◆ **INFORMATION SHOWN**
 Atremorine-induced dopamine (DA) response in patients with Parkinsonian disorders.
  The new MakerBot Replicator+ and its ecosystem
==
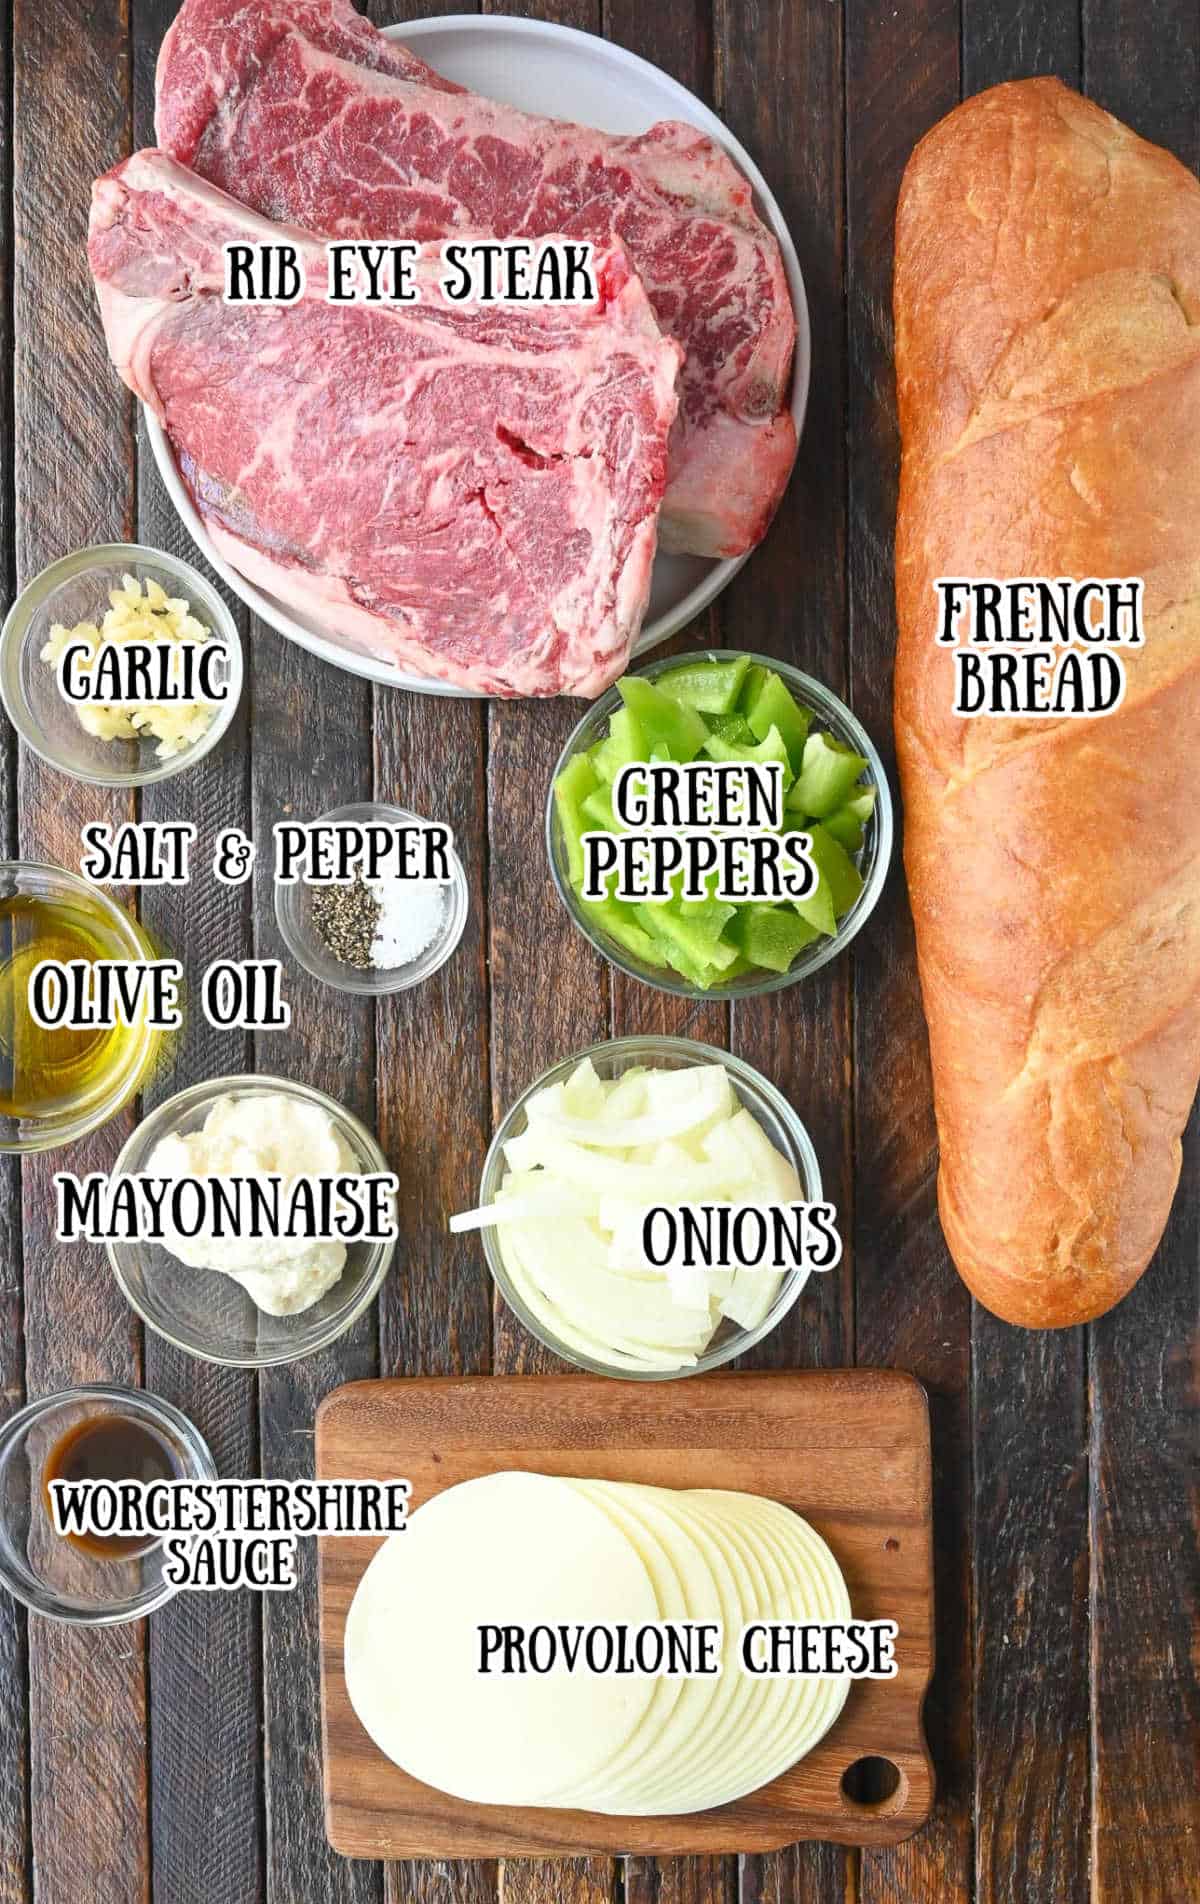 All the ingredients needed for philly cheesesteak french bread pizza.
--
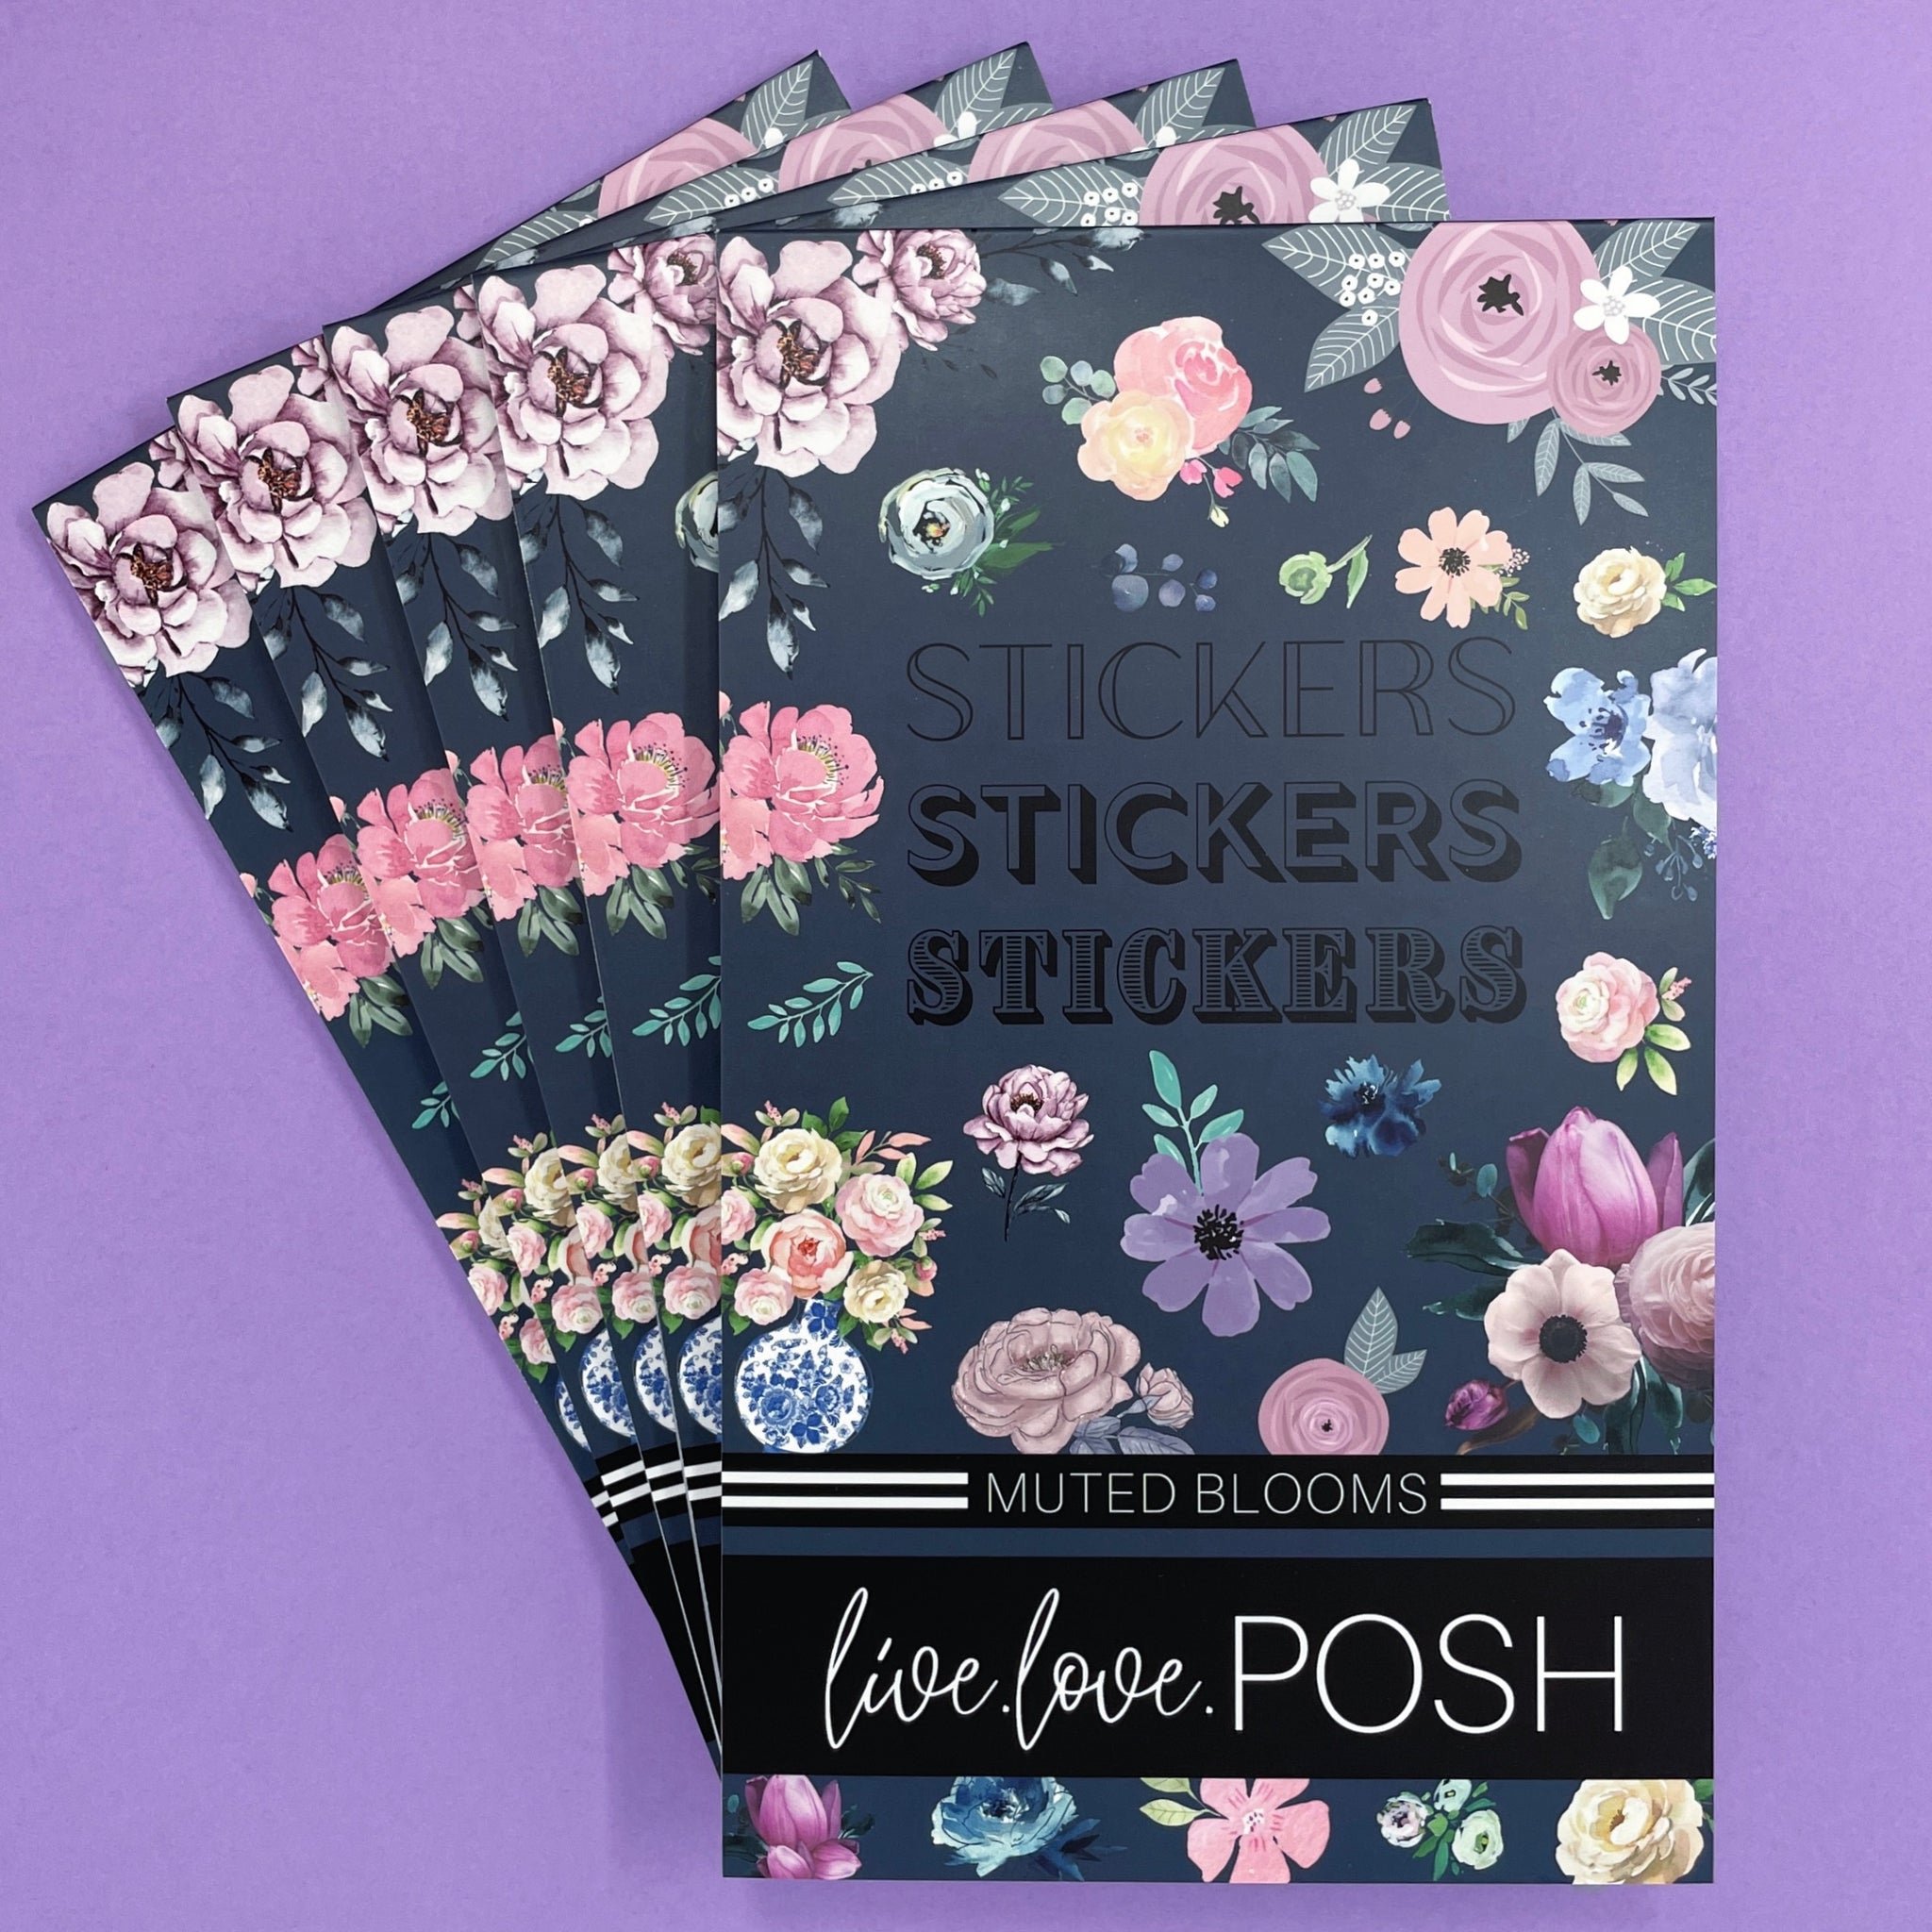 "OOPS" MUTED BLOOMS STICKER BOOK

◆ **WHAT YOU SHOULD DO**
Taking the line with "Atremorine-induced dopamine (DA)" as the first and the line with "The new MakerBot" as the last, retype that stretch of the data above exactly, with no other lines.

◆ **ANSWER FOR THIS EXERCISE**
 Atremorine-induced dopamine (DA) response in patients with Parkinsonian disorders.
  The new MakerBot Replicator+ and its ecosystem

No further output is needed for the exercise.